If directors are also shareholders, they can be held personally liable for debts and liabilities in the company if they:
- intentionally allow the company to act unlawfully;
- pay dividends when the company is broke;
- continue trading, having no intention to pay the debts of the company;
- secure payments from customers for goods, knowing they may not be delivered;
- fraudulently trade;
- pay off the debt by fraudulent methods;
- sell assets of the company at an undervalue;
- provide creditors preferential treatment over others;
- maintain an overdrawn directors loan account;
- are negligent in their actions.
Company directors must, however, always act in the best interests of the company and its shareholders.
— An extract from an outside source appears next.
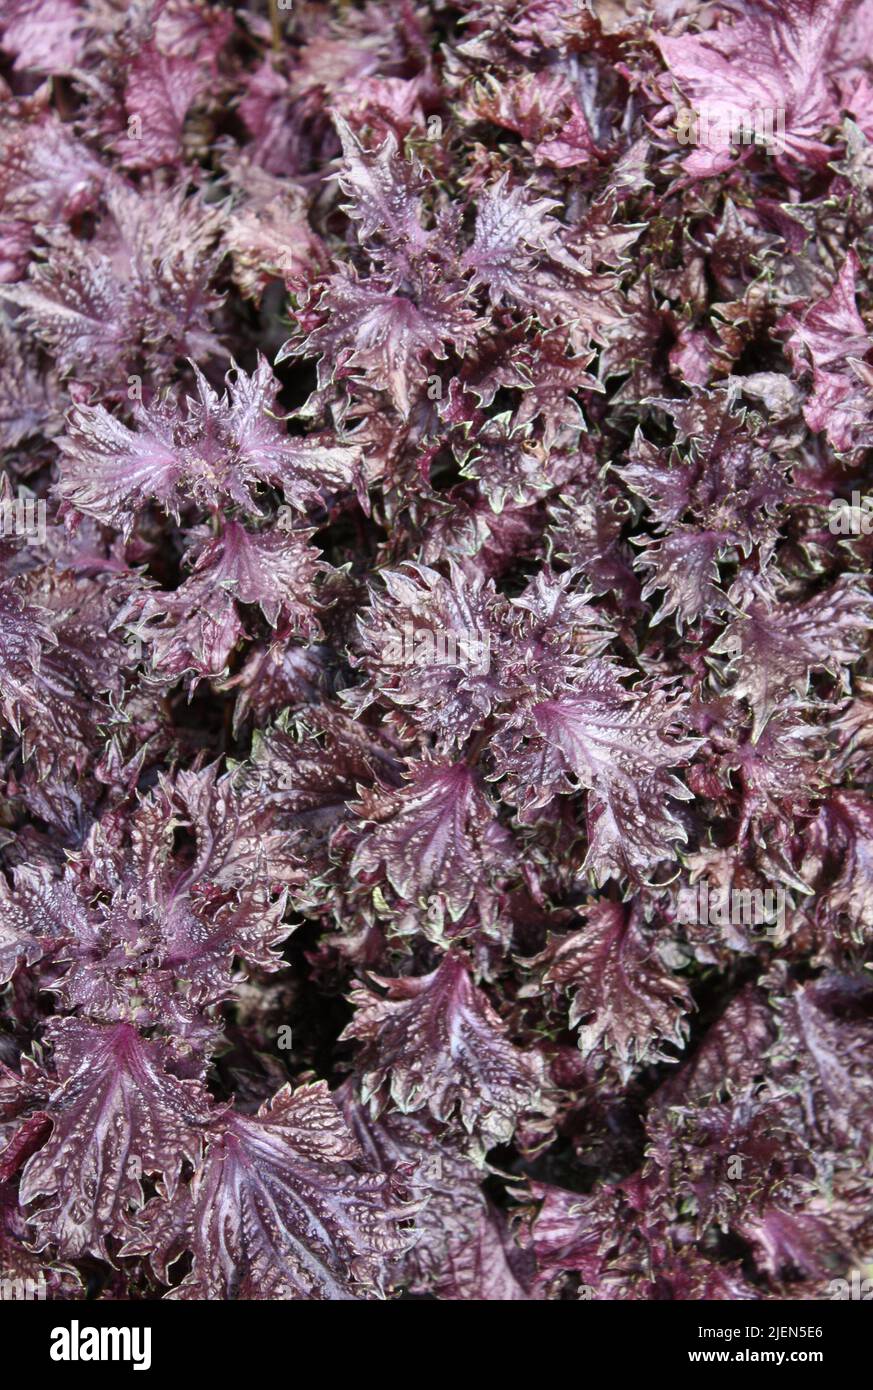 A Background Image of Purple Perilla Frutescens Leaves. Stock Photo
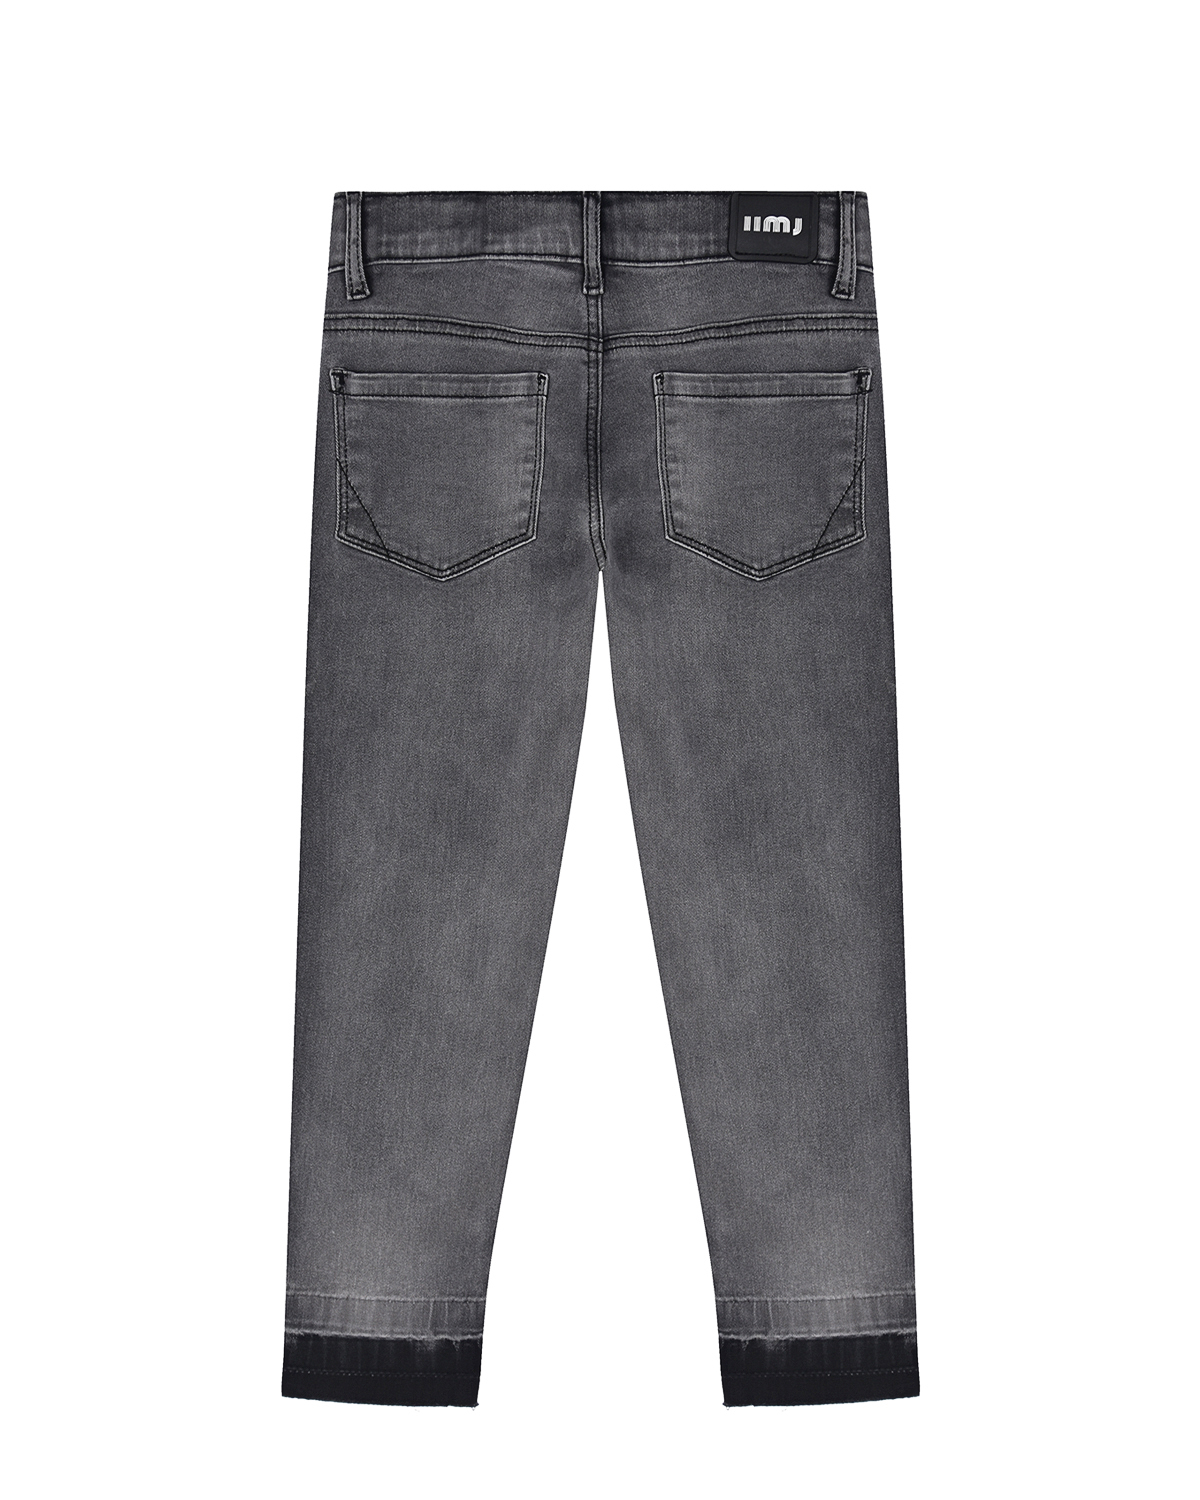 Серые узкие джинсы Its in my jeans, размер 140, цвет серый - фото 2

They’re also supposed to take every reasonable step to minimise company creditors’ losses. Suppose a director intentionally allows a limited company to act unlawfully or improperly. In that case, this is a direct breach of these duties.
Shareholders remain only liable for the value of their shares. Normally, this value is £1, so shareholders are not on the hook for the company’s debts.
A sole trader is a person trading in their name. A sole trader, however, has different closure options than an ltd company. None of the above applies, as an ltd company remains a separate legal entity, has tax implications, and owes money, not you. An ltd company has
Sole traders also differ in how they operate. An ltd company has used a company formation to set it up; it has shareholders, directors, a separate company bank account to the owners. It has its business assets and a registered office where papers are filed for serving.